Часть моей новой личности поглотила меня. Я осознал, кто я и что тут делаю. Я должен уничтожать других, зачистить четвертый кластер. Другие – это порода людей, которые отличаются от Нормы в лучшую сторону, ставят себя выше нее. Часть сенсоров-имплантатов помогает мне ориентироваться в кромешной темноте, а часть – отличать других, я их просто чую. Они лучше меня, но тем хуже для них: я охотник. Я служу Норме, а Норма – часть того, что позволяет Рейху быть и оставаться неизменяемым и непобедимым. Норма – это больше чем религия, это образ жизни каждого арийца, любое отступление от нее губительно для всего мира. А мир устроен очень просто. Порядок превыше всего: во главе Рейха Фюрер – олицетворение Нормы; ему служит партия – каждый член отвечает за чистоту внедрения Нормы в жизнь; инструменты партии – армия и наука: армия защищает, а наука доказывает Норму; народ служит Норме верой и правдой, а охотники ищут тех, кто не соответствует Норме. Все просто. Мир без изъяна, как муравейник или улей. Девиз Рейха – равное общество с равными возможностями: все люди одинаковы

Сейчас я на задании – охочусь. И не один; явственно ощущаю рядом других, таких же, как и я, мобилизованных на охоту. Мы в техническом коридоре, проложенном рядом с машинным блоком, по периметру здания, в вечной мерзлоте. Местные используют коридор, чтобы нелегально перемещаться в разные секторы кластера. Все кластеры Рейха устроены одинаково: девять секторов, обнесенных общей стеной; девятый – командно-машинный – всегда в центре; остальные восемь – фабрично-жилые, продовольственные и транспортные – по периметру; их нумерация всегда одинакова, начинается в верхнем левом углу и идет по часовой стрелке. Мы в четвертом. Здесь живут научники.

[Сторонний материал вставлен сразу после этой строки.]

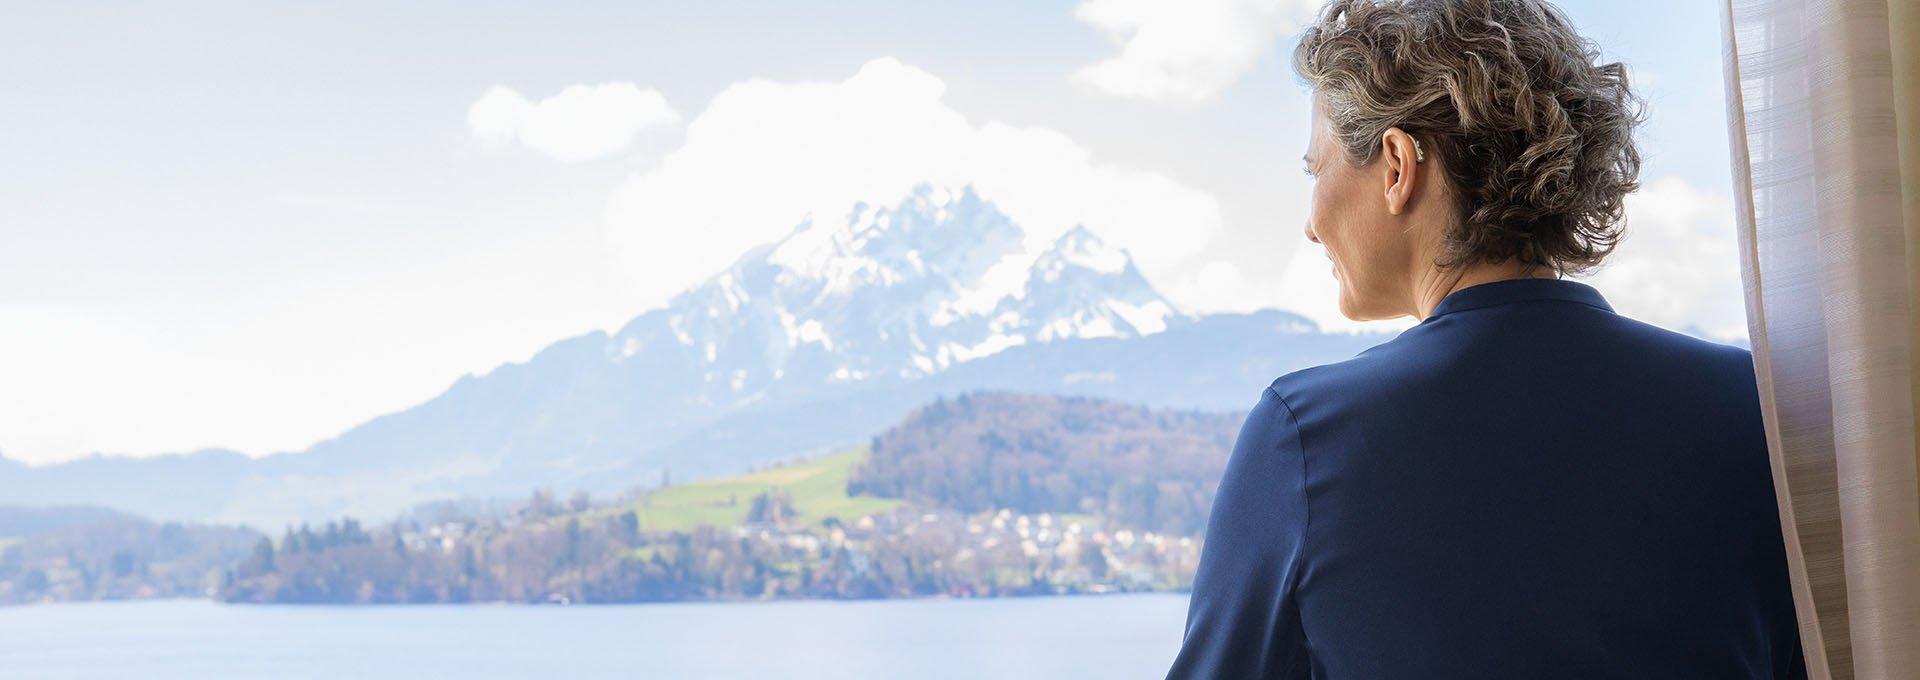 Woman wearing Bernafon Alpha rechargeable hearing aids enjoys Swiss lake and mountain view from hotel window

Уловив движение впереди, даем людям подойти поближе, а затем окружаем их и досматриваем. Старший офицер J1003-Z начинает допрос. Это простые работяги из второго сектора – хотели разжиться выпивкой у контрабандистов из шестого. Они не наша цель, абсолютно заурядные: порочные и дисциплинированные – такие никогда и ничего не подвергнут сомнению. Мы их отпускаем. Мои сенсоры чуют их страх: кислый запах пота и учащенный пульс. Не наша цель. Нормальные люди, как все. Вот мы модифицированные, произведены на биофабрике Геринбурга в рамках программы «Один», модель ZJ-300-SS. Наше призвание – преследовать и убивать голыми руками. У нас даже оружия нет, оно нам не нужно.

Двигаемся к пятому сектору и в одном из боковых ответвлений замечаем свет. Сворачиваем туда. В глубине у костра сидит небольшая группа. Увидев нас, люди разбегаются в разные стороны. Подхожу к костру. В нем горят портреты Фюрера. При виде оскверненного изображения из меня наружу словно рвется волна саморазрушения: может, и не хочу, но это помимо моей воли, – ее нужно срочно канализовать. 3-Z – так мы зовем старшего – приказывает мне преследовать того, кто побежал в туннель А. Через пару секунд я несусь среди труб и кабелей за коротышкой к наружной стене: по ней он собирается уйти наверх, скрыться в верхних оранжереях, где таким, как я, запрещено появляться: это зона ответственности департамента внешней обороны, который следит за непроницаемостью границ кластера. Еще секунда – и я настигну коротышку. Даже издалека я чувствую, что он надеется спастись и отличается от остальных, трусливых и послушных, он лучше их, он даже пахнет иначе – свежим хлебом – может, потому, что пекарь.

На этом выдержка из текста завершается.